Bad debts in China are well underestimated because authorities persist in propping up weak companies and bailing out local investors, according to DAC Management LLC.
The Chicago-based asset management and advisory firm, which focuses on distressed credit and special situations in China, says the worst is yet to come, and that means lots of opportunities for the world’s biggest distressed debt traders.
Nonperforming loans at Chinese banks jumped by the most since 2005 in the third quarter to 766.9 billion yuan ($125.3 billion), official statistics released earlier this month showed. The People’s Bank of China has injected 769.5 billion yuan into its banking system over the past two months to support an economy growing at the slowest pace in more than a decade.
“They keep reporting such a low number for so many years, there’s only one way it can go — up,” DAC founder Philip Groves said in an interview in Hong Kong yesterday. “We’ve yet to see it because if you look at corporate defaults, they keep getting covered by the government. At some point, they can’t cover every single one.”
DAC manages about $400 million of its own and clients’ money onshore in China. It first bought Chinese bad loans in December 2001 from China Orient Asset Management Corp., one of four asset management companies created by the government to buy, repackage and onsell soured debt, Groves said.
Sporadic Activity
While China’s bad loan ratio is relatively small versus other countries in Asia — soured loans are equivalent to 1.16 percent of total advances compared with 3.88 percent in Vietnam and 0.86 percent in South Korea — their total is still in an order of magnitude greater than the funds raised by distressed investors, Groves said.
There hasn’t been enough capital to soak up the nonperforming debt and much ends up being reabsorbed by the government, he said. That’s why distressed activity in China has been “sporadic” over the past 10 years and why some large investors aren’t participating. “It never became a market where you could put a billion dollars to work in a year,” Groves said. “But if the wave of bad debt comes, and there are things to buy, the money will follow.”

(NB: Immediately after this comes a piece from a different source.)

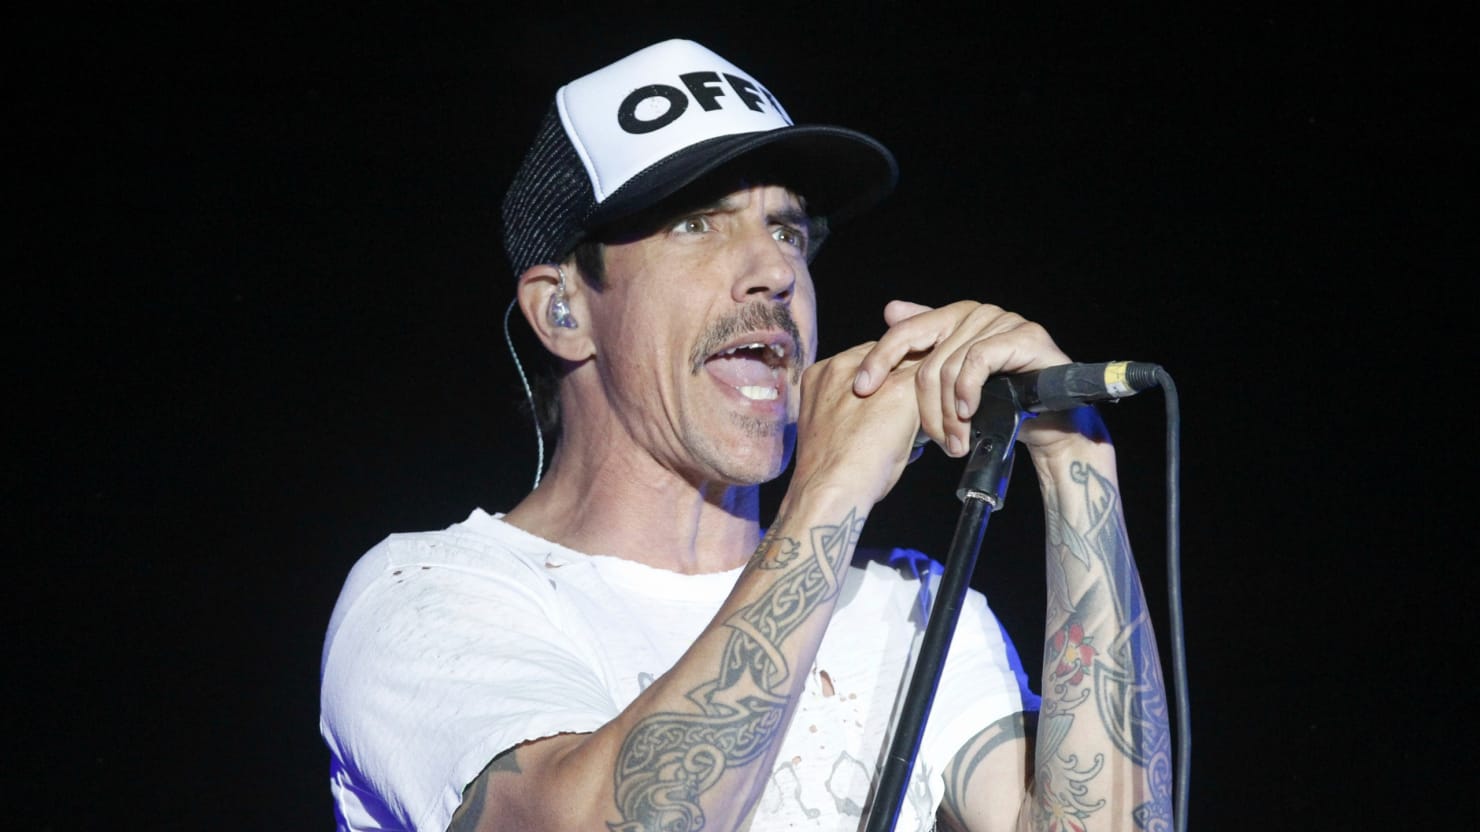 Chili Peppers Singer Hospitalized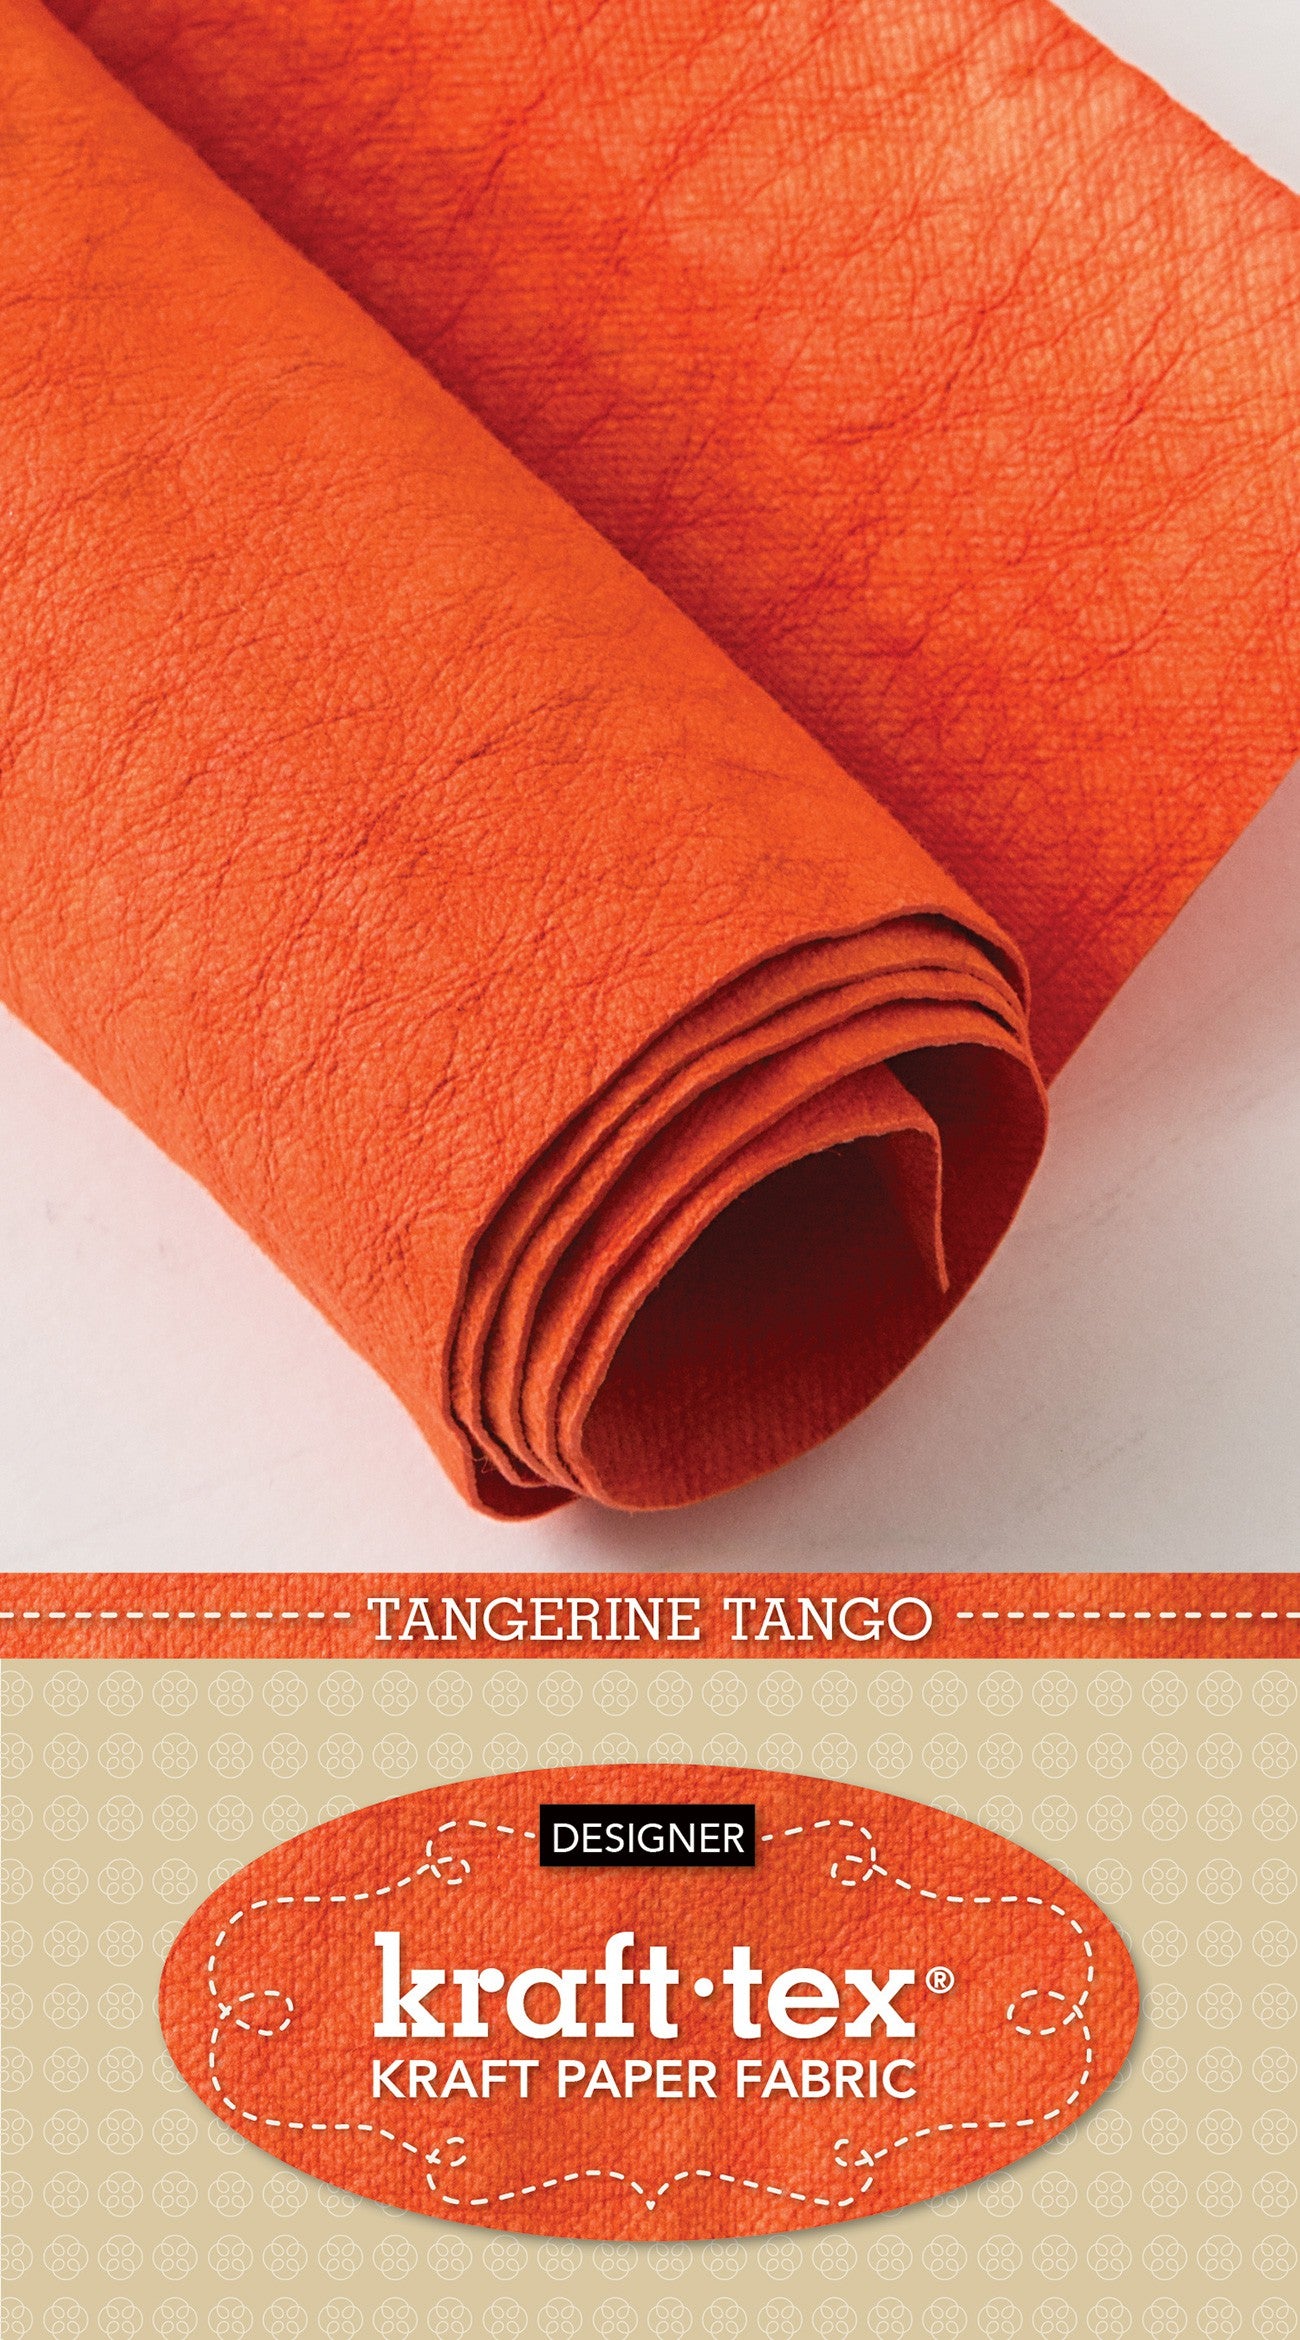 Kraft-Tex Roll, Designer Tangerine Tango, 18.5 Inches x 28.5 Inches Hand-Dyed Prewashed Paper Fabric

China’s three other asset management companies are China Cinda Asset Management Co., the biggest bad loans manager, China Great Wall Asset Management Corp. and China Huarong Asset Management Corp. The four were established in 1999 in an attempt to rid banks of some 1.4 trillion yuan in soured loans.
Government Rescues
Oaktree Capital Group LLC, the world’s biggest distressed debt investor, joined with China Cinda in November 2013 to tap what it said were “unique opportunities” in the country’s real estate market. Debt buyers at Nomura Holdings Inc. and Bank of America Corp. said they’ll be paying more attention to Chinese developers in 2015.
Closely held developer Zhejiang Xingrun Real Estate Co. collapsed in March while Haixin Iron & Steel Group, an unlisted Chinese steelmaker in Shanxi province that halted production because of a capital shortage, started bankruptcy proceedings earlier this month, making it the largest mill in the nation to enter the procedure.
Many other companies however have been the subject of government rescues. Huatong Road & Bridge Group Co. averted failure in July thanks to funds from local governments and bond underwriters. And Shanghai Chaori Solar Energy Science & Technology Co., the only company to have defaulted in China’s $4.2 trillion onshore bond market, got the money to repay investors from a state-backed asset manager in October.
Extending Loans
“In China, we see a lot of opportunities out there, especially among Chinese banks,” Hanson Wong, Hong Kong-based chief executive officer of Belos Capital (Asia) Ltd. said in an interview. “They are facing some difficulty right now, they cannot keep extending their loans time and time again.”
If more companies are allowed to fail, competition for nonperforming loans will intensify and the likes of Oaktree, Lone Star Capital Management Inc. and Cerberus Capital Management LP could build a meaningful presence in China, DAC’s Groves said.
Syndicated loan facilities in China are already a record $46.4 billion this year, according to data compiled by Bloomberg. In Hong Kong, the total $60.6 billion thus far is approaching the record $63.9 billion in all of 2013.
KPMG LLP doubled headcount at its China restructuring practice after Premier Li Keqiang unveiled measures last December aimed at excising nonperforming assets at state-owned companies to boost their returns, Eddie Middleton, KPMG’s Asia-Pacific division chief, said in Hong Kong yesterday.
Difficult Situations
According to Middleton, using a bankruptcy process is becoming more common in bank and stateowned enterprises’ responses to difficult situations, whereas that wasn’t the case even two to five years ago in China.
DAC employs about 50 people in China and has acquired more than 25 billion yuan of bad debts since it first bought the soured loans from China Orient in 2001, Groves said.
“When you see restructuring advisers getting hired by state-owned enterprises and Big Four accounting firms helping banks to get rid of distressed assets, you know it’s coming,” he said.